Transcribe exactly the lines below that begin at the line with "TMI Premium Sport" and stop after the line with "Sulphur-bellied Warbler - Anil Subramaniam", leaving out every picture.

● Exercise data:
________

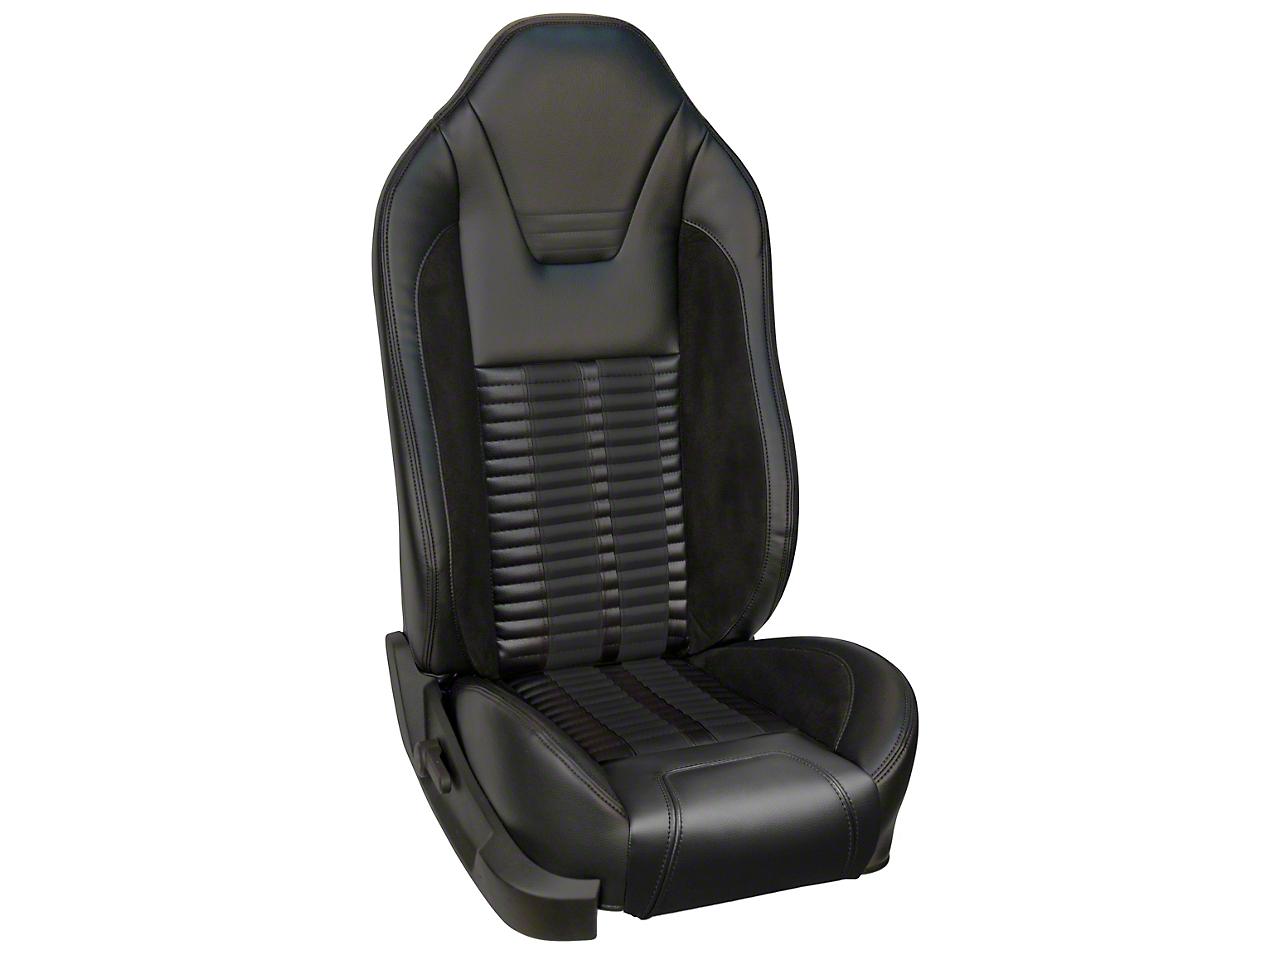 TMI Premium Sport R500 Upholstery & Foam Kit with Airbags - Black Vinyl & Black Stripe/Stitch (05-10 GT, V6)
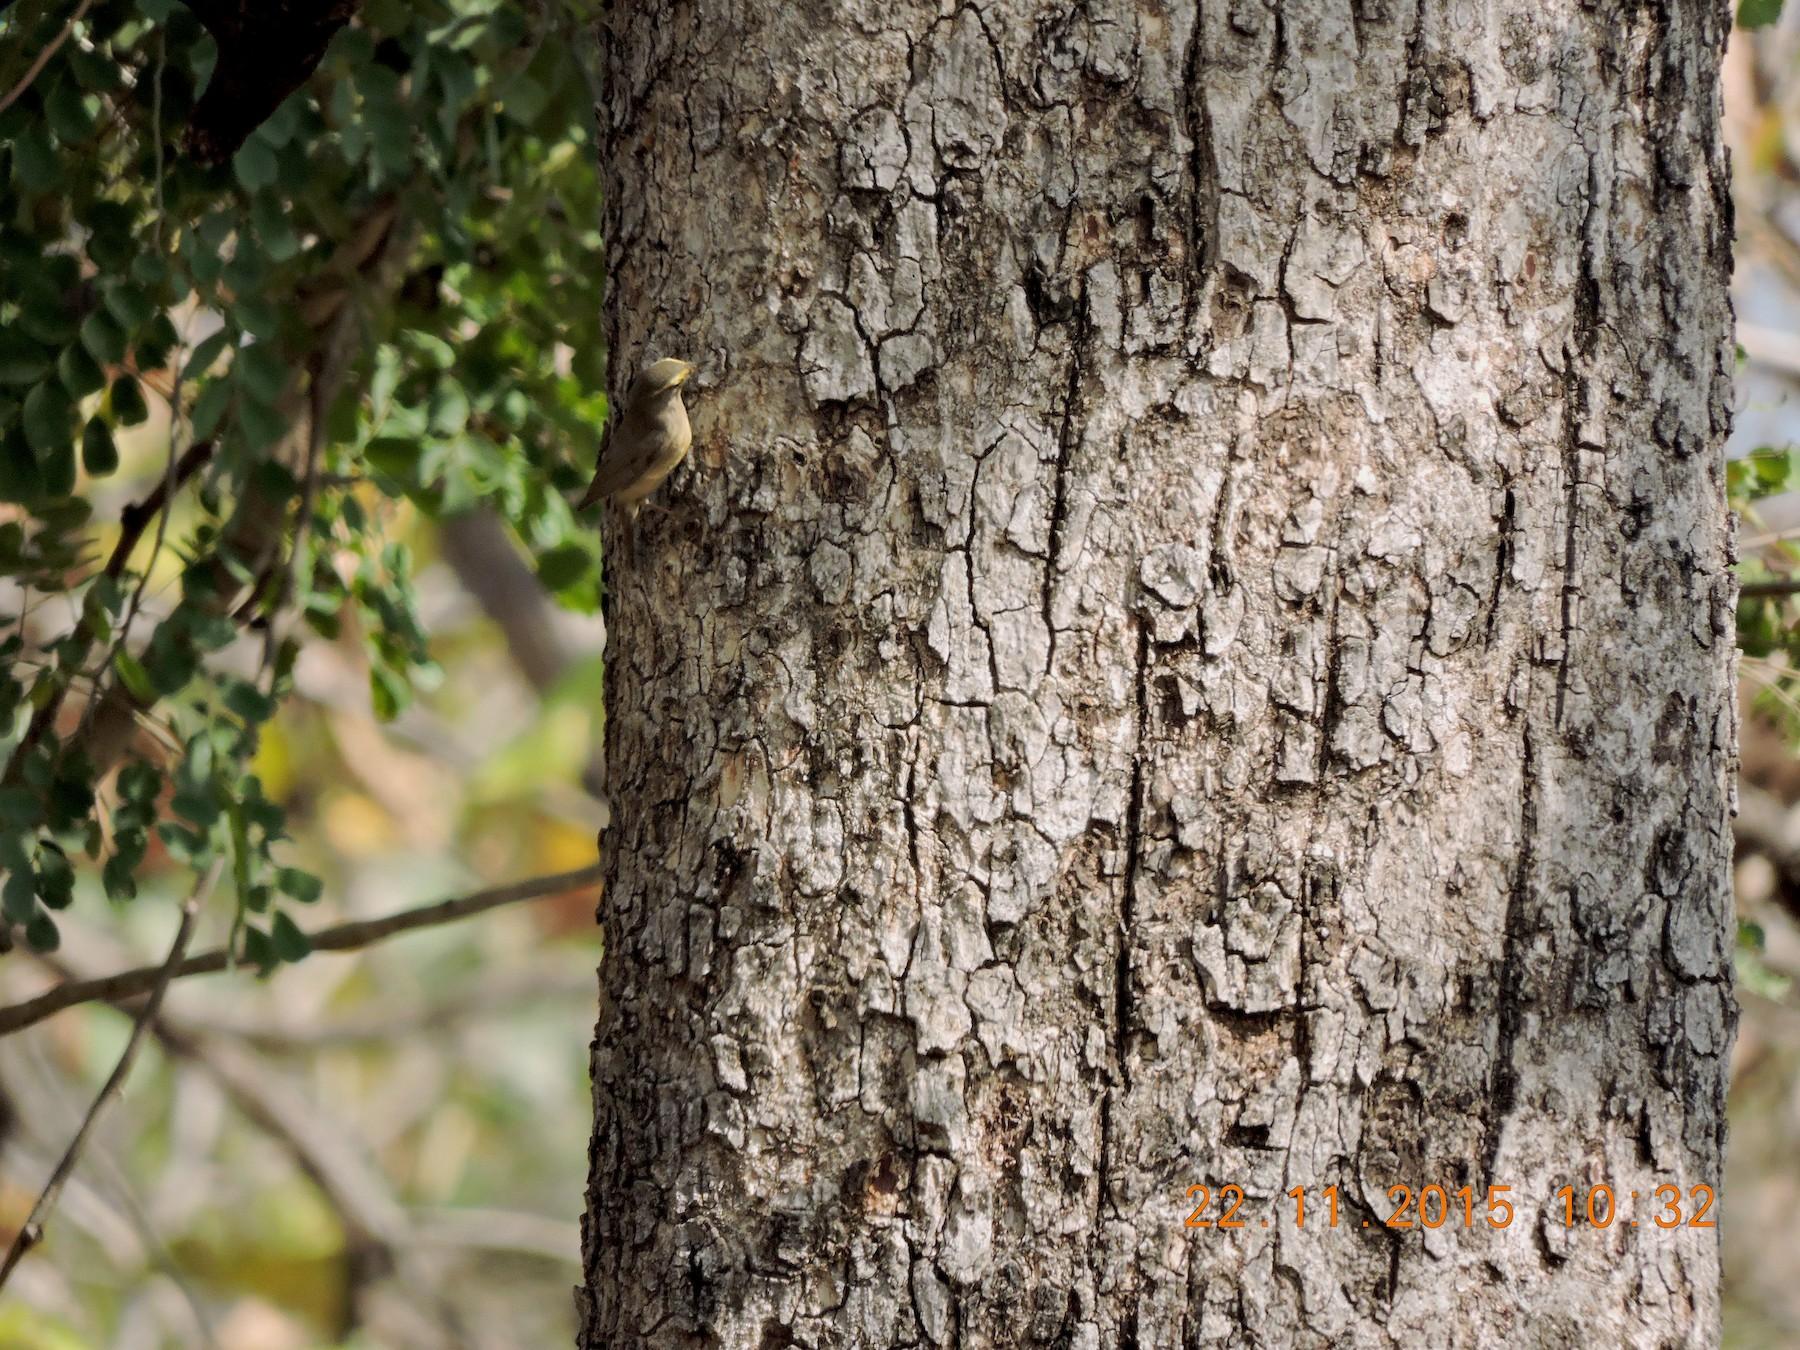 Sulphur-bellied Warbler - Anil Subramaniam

________

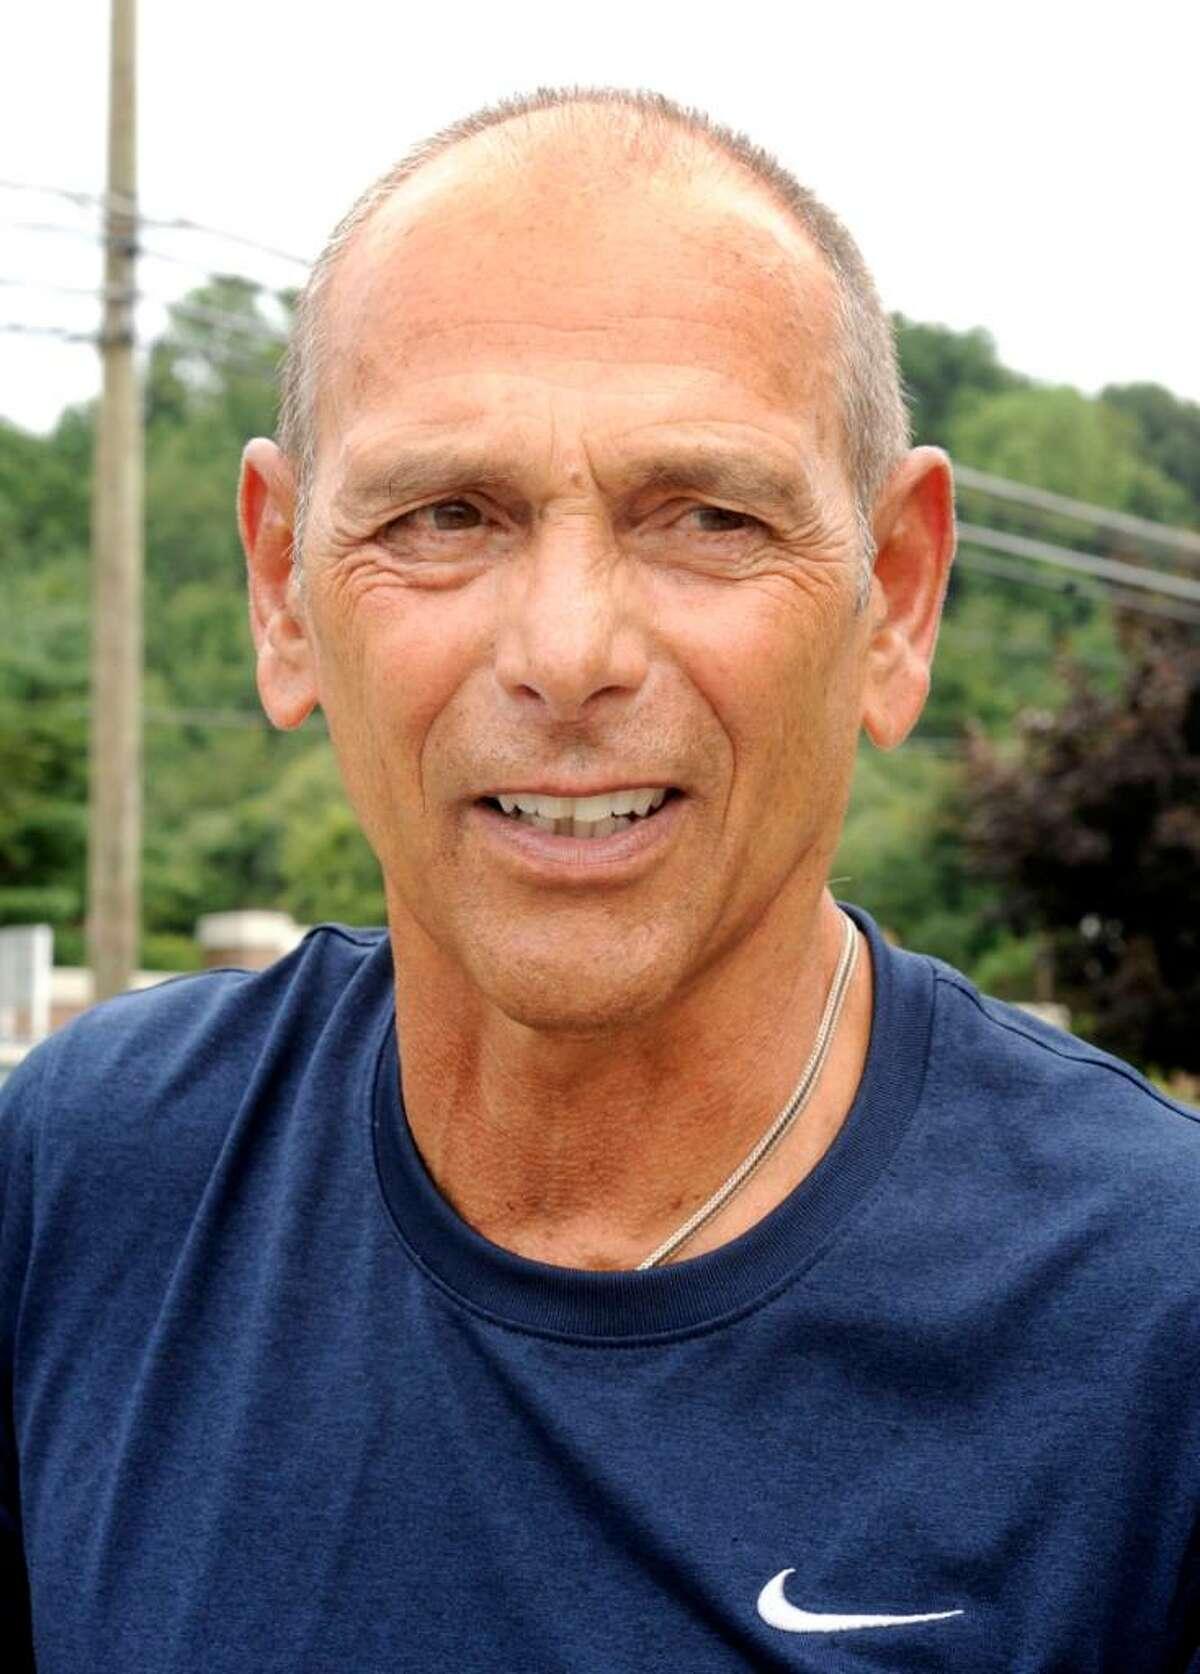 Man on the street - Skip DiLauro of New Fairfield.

________

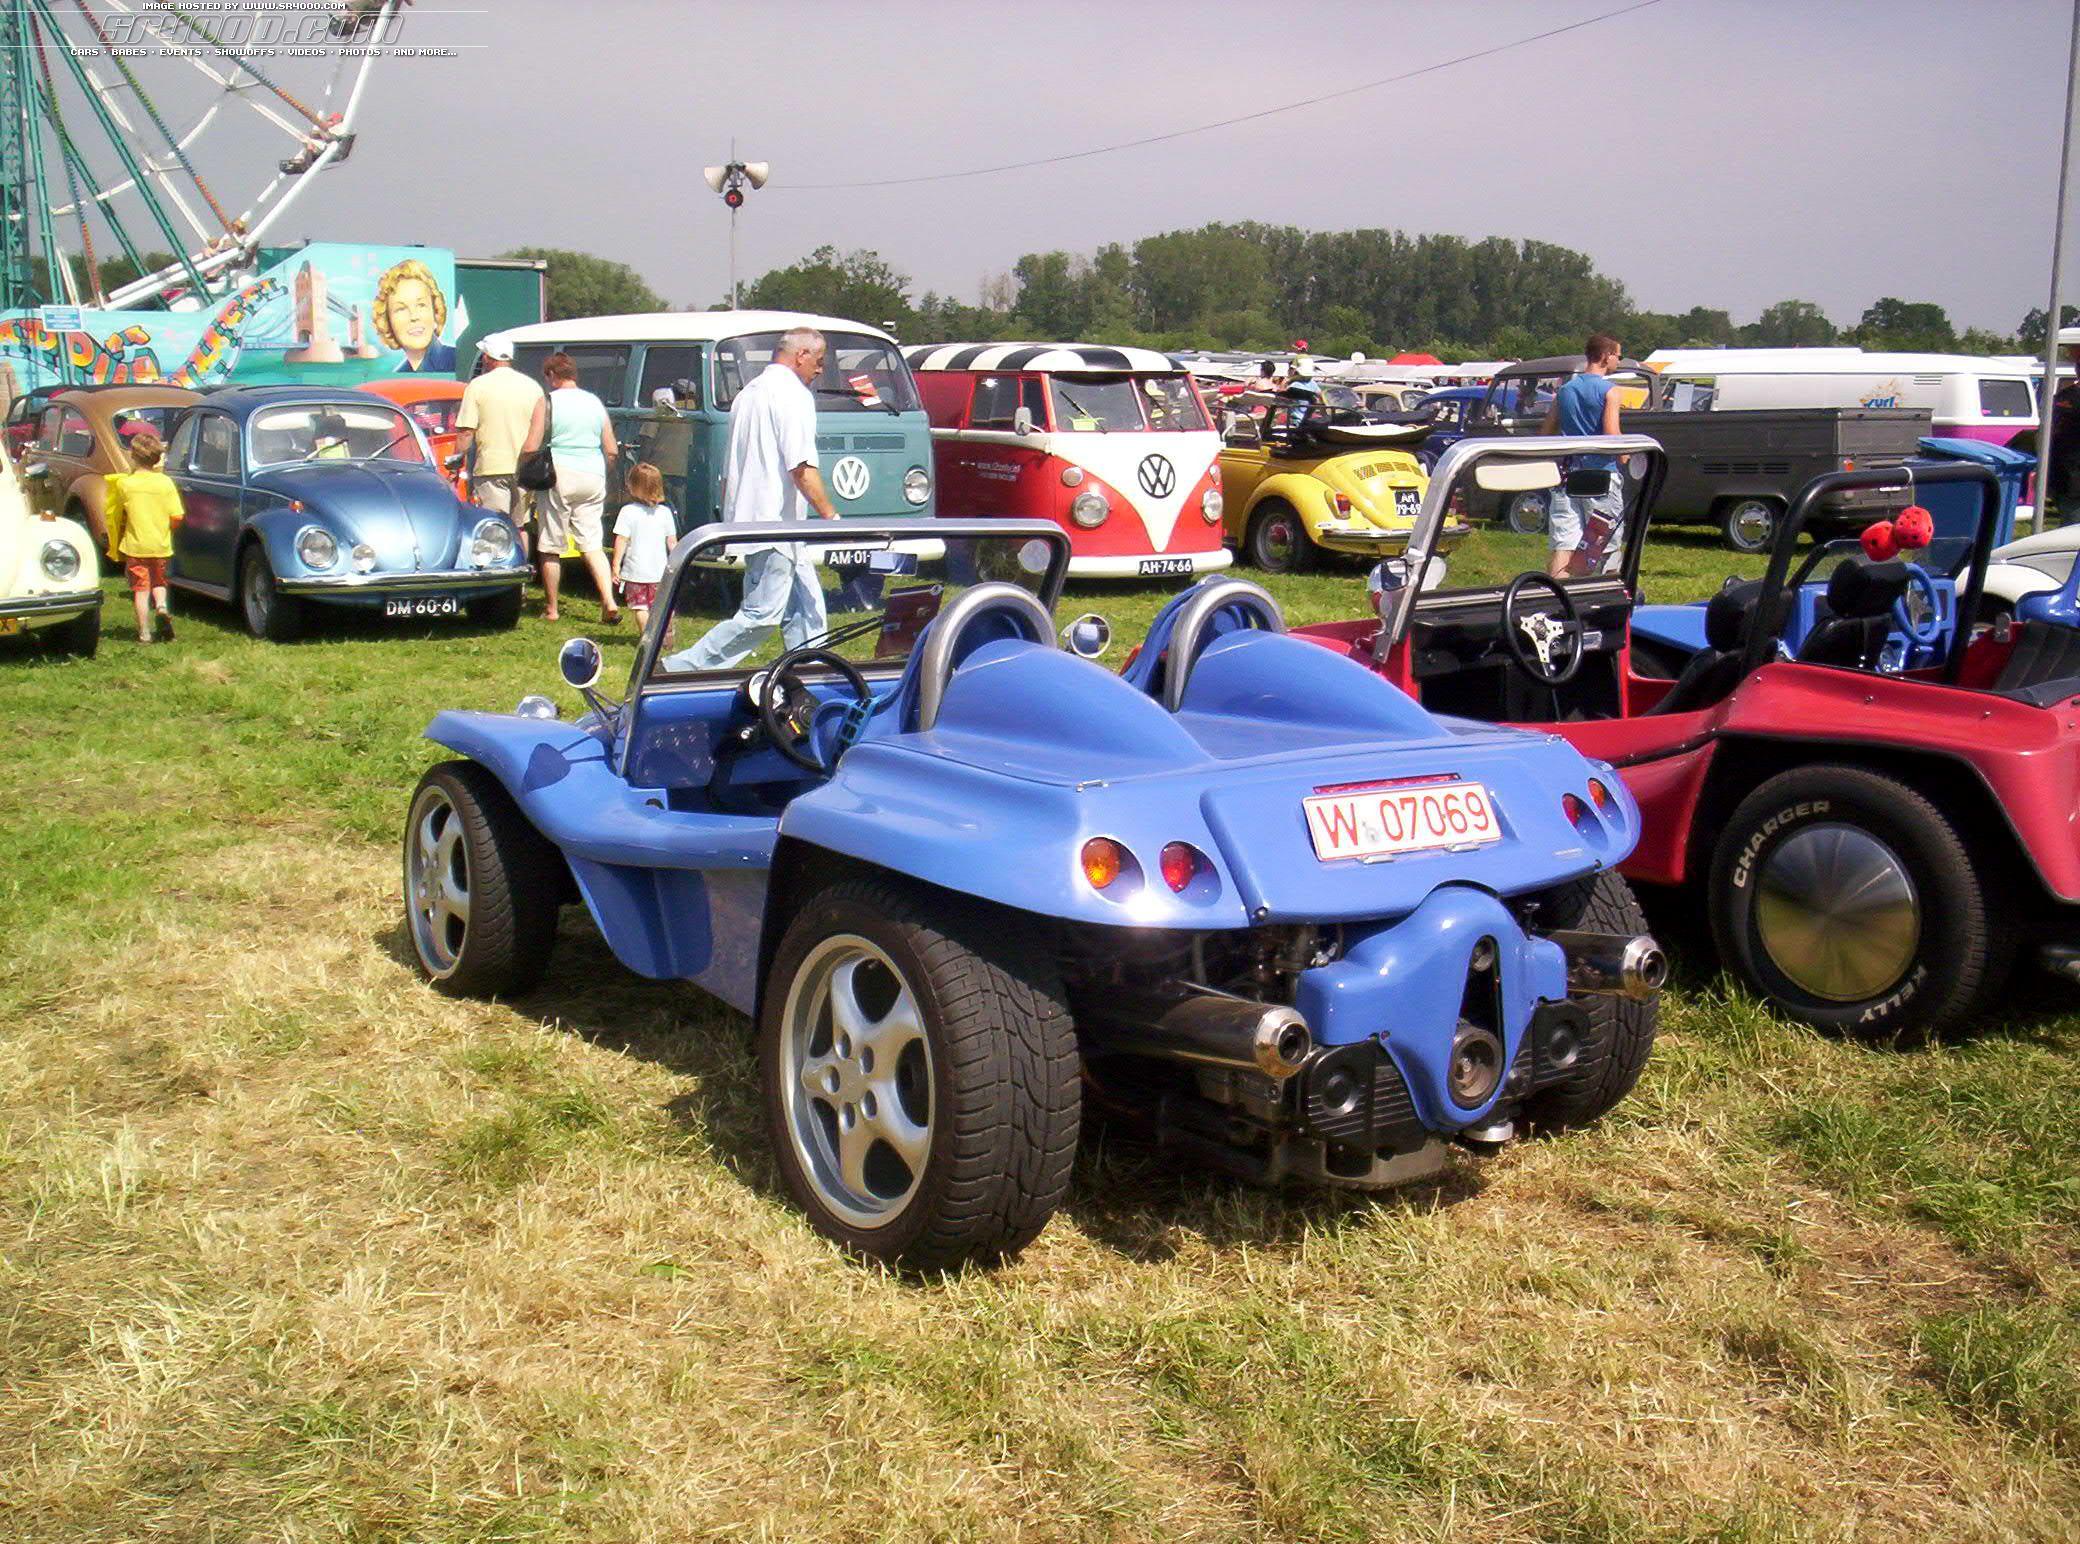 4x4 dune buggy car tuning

________

● Output:
 TMI Premium Sport R500 Upholstery & Foam Kit with Airbags - Black Vinyl & Black Stripe/Stitch (05-10 GT, V6)
 Sulphur-bellied Warbler - Anil Subramaniam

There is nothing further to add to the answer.